# Richard Dawkins -- On a Mission to Convert



## Scott (Jan 24, 2007)

Richard Dawkins -- On a Mission to Convert - good piece by the excellent Al Mohler


----------



## Chris (Jan 24, 2007)

> Dawkins has raised the argument that children should not be subjected to the religious beliefs, traditions, and prejudices of their parents. To do so is to subject children to a form of abuse, he argues. Watch this argument carefully -- it is likely to become a focus of activists who take up Dawkins' charge.



I've known people in the past who would happily take up that cause.


----------



## calgal (Jan 24, 2007)

Chris said:


> I've known people in the past who would happily take up that cause.



So do I.  They are extremist atheists and boy do they hate the tag!


----------



## toddpedlar (Jan 24, 2007)

calgal said:


> So do I.  They are extremist atheists and boy do they hate the tag!



Fundamentalist atheists?


----------



## ChristopherPaul (Jan 24, 2007)

When my children become of age where they can self-investigate other beliefs and religions, by all means I will allow it and not throw any hissy-fits. Truth is truth, all I can do is instruct them of it.

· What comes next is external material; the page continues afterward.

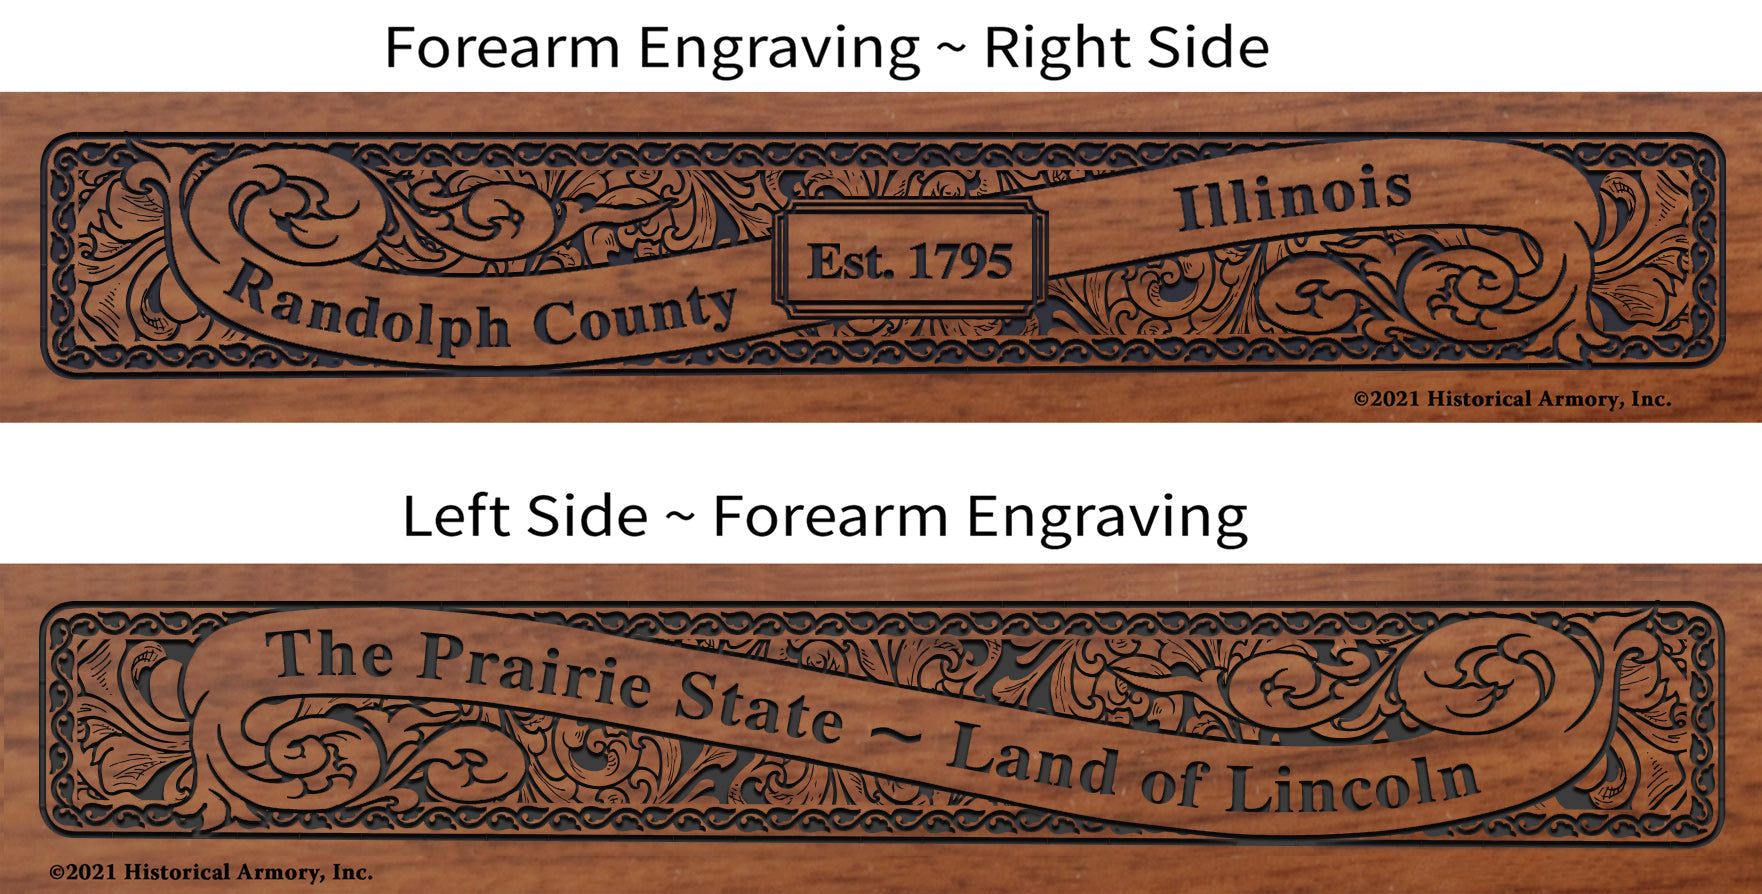 Randolph County Illinois Establishment and Motto History Engraved Rifle Forearm
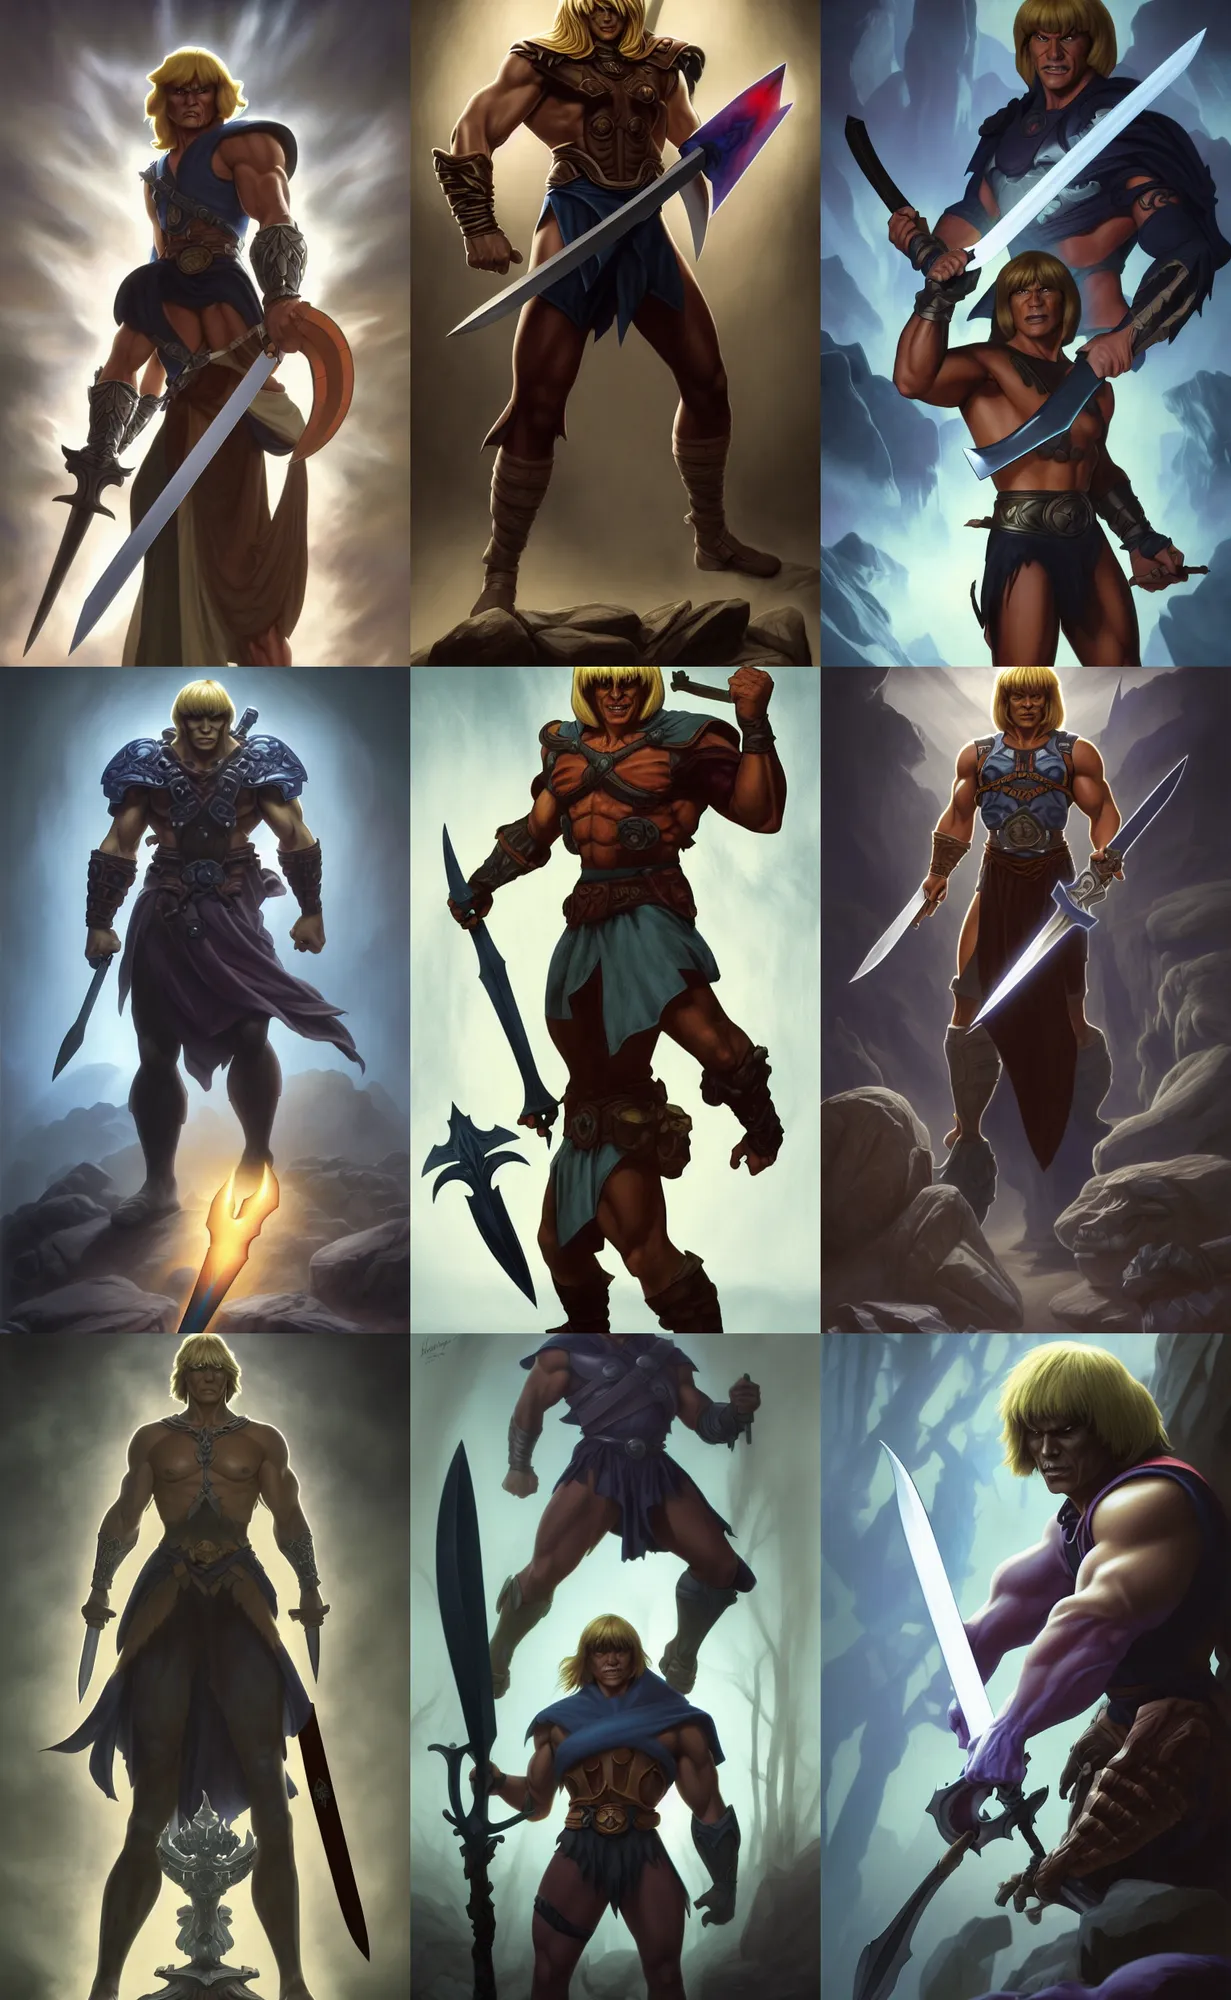 He-man characters

I am not afraid of lifeless idols or any verse contained in Holy Scripture that may be abused; truth is truth. God’s word stands firm just fine without me having to beg and plead that my children don’t research other religious beliefs, traditions, and prejudices. They will know the way home.


----------



## calgal (Jan 24, 2007)

toddpedlar said:


> Fundamentalist atheists?



Yes they are!


----------